The Current's Rock and Roll Book Club: Morrissey's 'Autobiography'
by Jim McGuinn
July 06, 2015
At The Current, we love music and we also love books about music. In partnership with MPR's The Thread, we've started a new series we're calling The Current's Rock and Roll Book Club. Each month, we're picking a book about the music we love, and one of our staff members is sharing his or her take on the book. We hope you'll read along with us, and share your thoughts both in the comment section and via social media: #RockandRollBookClub.
For our inaugural pick, Jade wrote about Girl in a Band, Kim Gordon's memoir. Last month, Andrea Swensson wrote about Jessica Hopper's First Collection of Criticism by a Living Female Rock Critic. This month, with Morrissey coming to the Fitzgerald Theater on July 13, Jim McGuinn muses on the former Smiths frontman's 2011 autobiography.
Morrissey has long been one of the most fascinating individuals in rock history, going back to his days with the Smiths in the '80s. It's easy to find his influence in nearly every British singer (and many non-British singers) of the past 30 years. Pull up his Wiki and see the praise heaped on him: "NME considers Morrissey to be 'one of the most influential artists ever,' while The Independent says, 'Most pop stars have to be dead before they reach the iconic status he has reached in his lifetime.' In 2004, Pitchfork Media called him 'one of the most singular figures in Western popular culture from the last 20 years.'"
So news of his autobiography was greeted with excitement — and the book opened at #1 on the UK's bestseller list (more on chart positions later), while reviews ranged from The Daily Telegraph's assessment that it's "the best written musical autobiography since Bob Dylan's Chronicles" to The Independent's dismissal of the book's "droning narcissism." I'd say both are correct. Morrissey's book isn't great, but it's very human, and it's funny—sometimes intentionally, sometimes not.

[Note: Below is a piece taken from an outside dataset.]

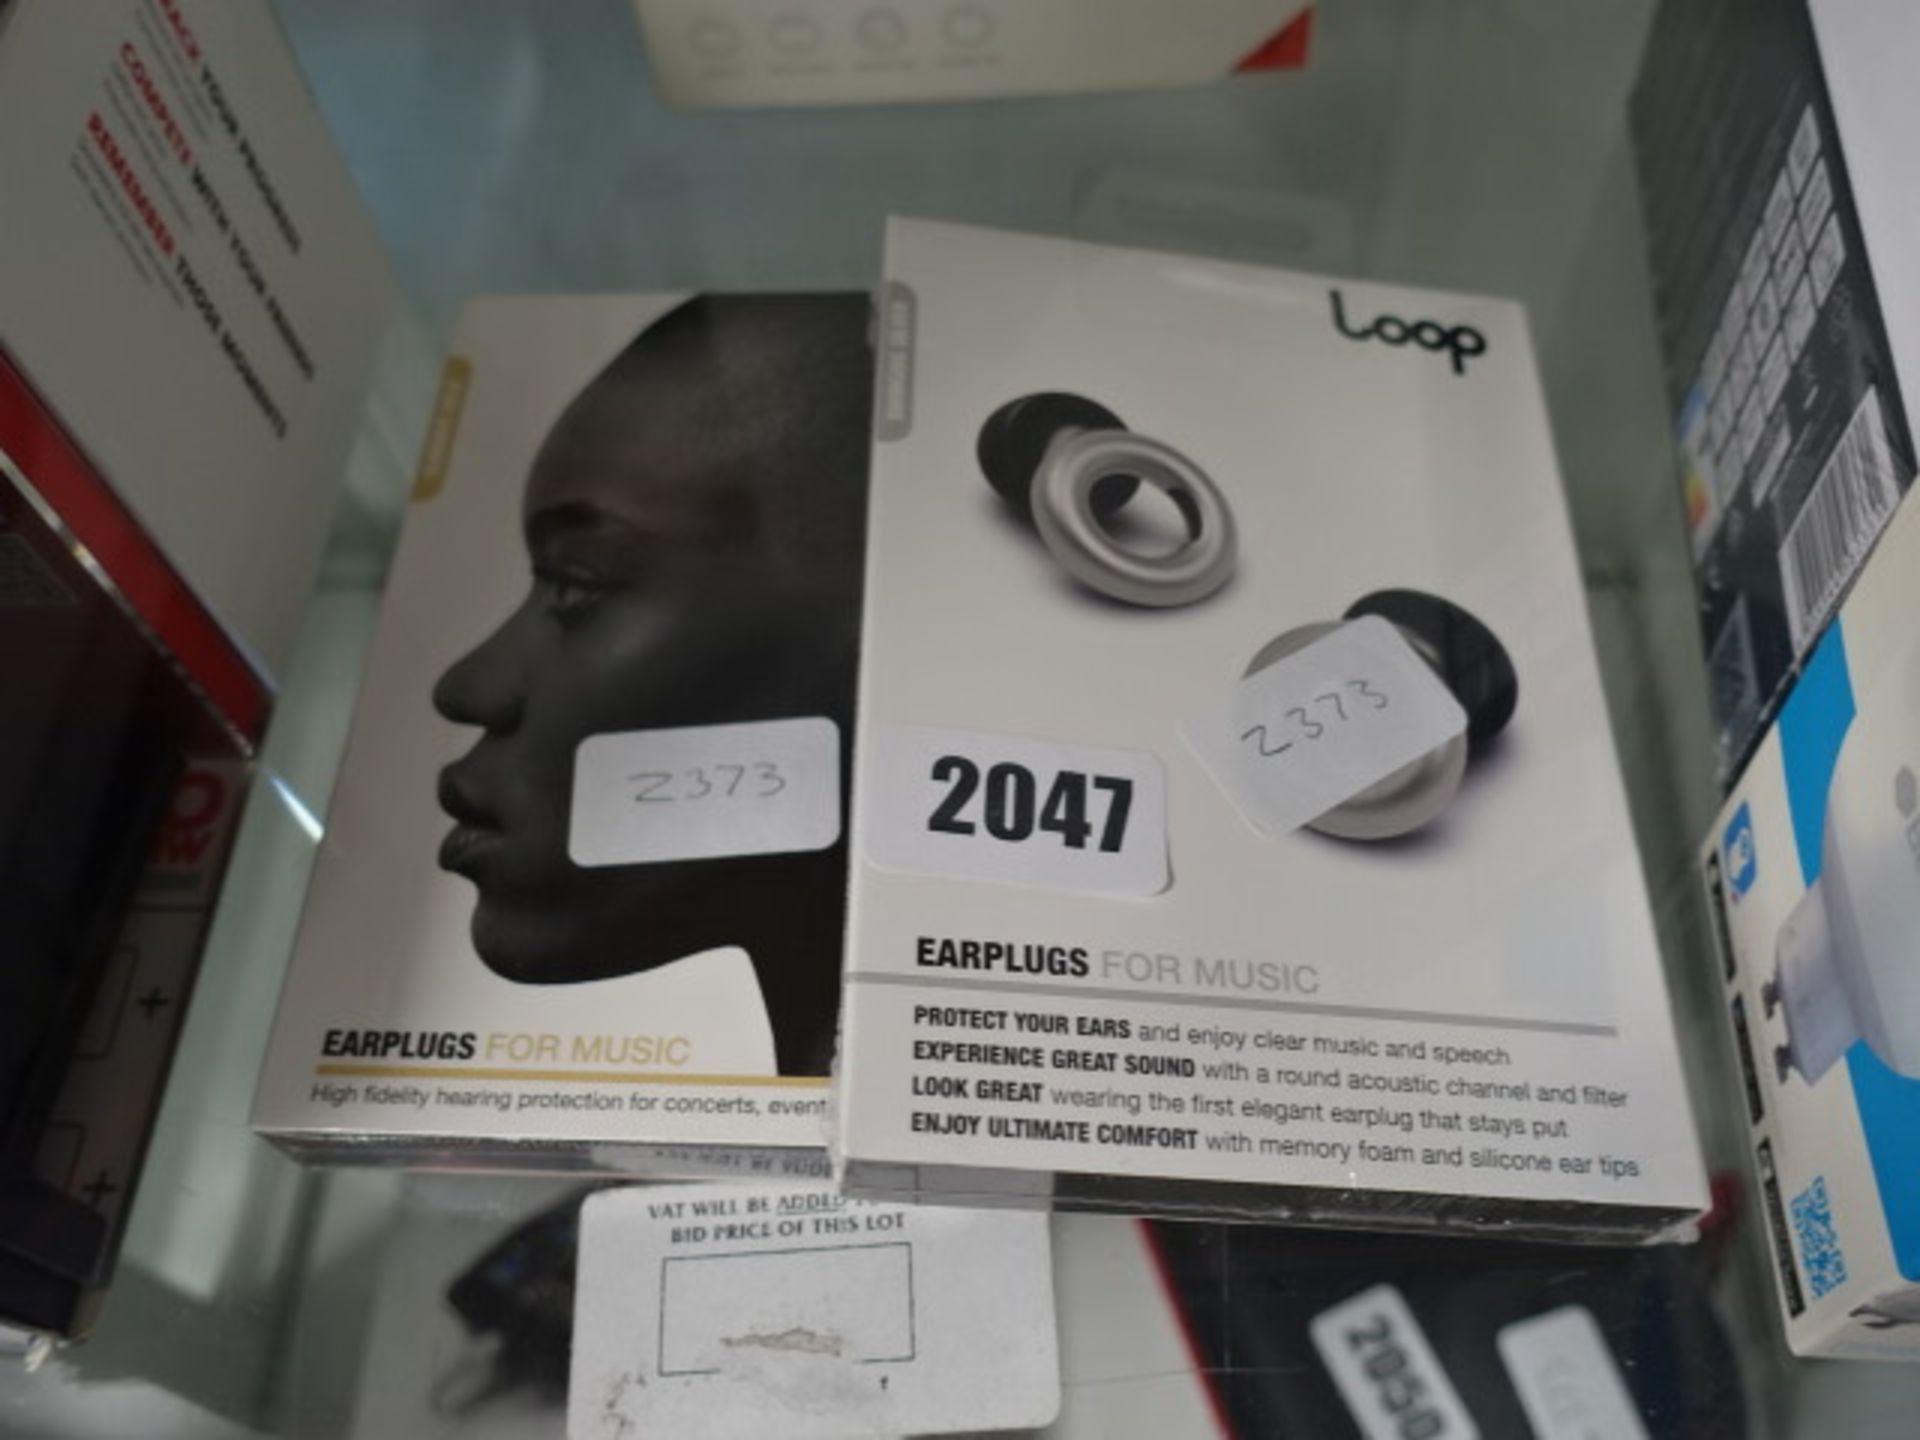 Lot 2047 - 2 packs of Loop earplugs for music in sealed packs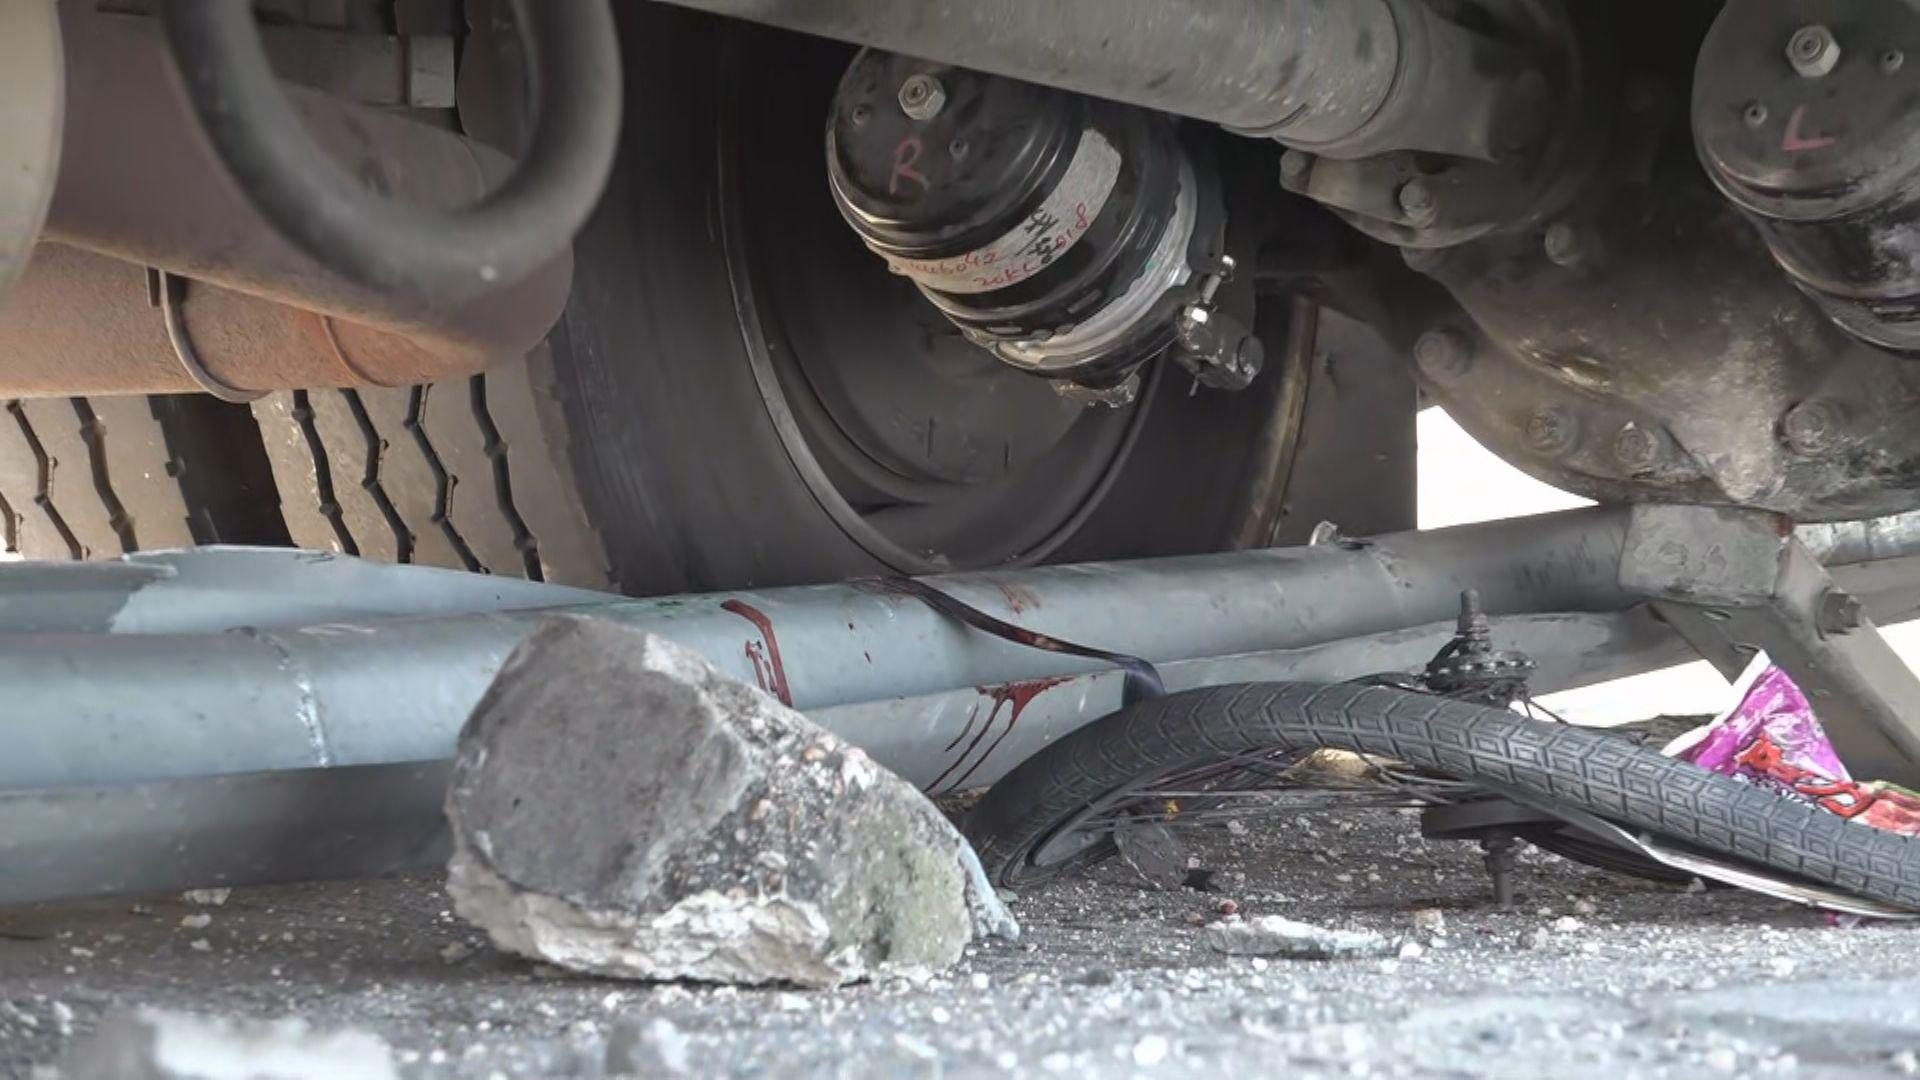 西貢公路消防車疑失控撞單車私家車 踏單車男子死亡

It's similar to Neil Young's autobiography Waging Heavy Peace: A Hippie Dream—in which Young obsesses at length over cars and MP3s—in that each book was both hindered and enhanced by the lack of a ghostwriter (or, seemingly, an editor). Not having anyone to tell you how to structure your book leads to long passages that dig into Morrissey's fascination with the Moor Murders of '60s Manchester, his New York Dolls fandom, and an excruciating 50 pages devoted to his anger over losing a lawsuit to Smiths drummer Mike Joyce—with only scant whiffs of detail regarding the creation of classics like The Queen is Dead or Meat Is Murder.
Along the way, we're treated to page after page of Moz's self-deprecation, witheringly clever insults, and dozens of complaints about record label execs, ex-bandmates, meat-eaters, teachers, the NME, Margaret Thatcher, British royalty, radio DJs, more record execs, people that live in the American south, Siouxsie Sue, the judge in his lawsuit, and more record execs. He has no filter and does not care, which is exactly what makes it such a great read. I can live vicariously through the brash behavior of Moz: he says the things I would never! He has no need or time for politeness, and loads up his insults with the kind of wordplay you'd expect from the best lyricist of his generation.
He takes great pride in the passion of Moz fans, for not only do they feed him (and his soul), but they come to his defense when the rest of the world seems to not understand or acquiesce to his awesome. He's also obsessed with where things hit on the charts, whether it's the position of records he loved as a kid (like David Bowie's "Starman" in 1971 reaching number 42) or his own releases—we learn that Your Arsenal came in at #4, Vauxhall and I hit #1, "The More You Ignore Me" reached #8 but "Hold On To Your Friends" only #47, and so on.
Along the way we learn about childhood friends and family, and a few of the longstanding relationships Morrissey has forged over a lifetime in music. When word hit that the biography was coming out, there was speculation that Morrissey might end years of vagueness with a little more detail into his personal life and the choices he's made, and while you definitely get a sense for where he stands on sexuality, it's not revelatory or a call to arms the way Bob Mould's See a Little Light was, with Morrissey remaining mostly private about his private life. While we get oodles of thoughts on the style of British film stars of the '60s, we don't gain much insight into the author's sexuality.
If you're getting psyched for the upcoming Morrissey show at the Fitz, a pre-read of his autobiography will definitely entertain, possibly infuriate, and most likely leave you feeling that while Morrissey is a great artist to listen to or see, he might not be someone who would be easy to live or work with.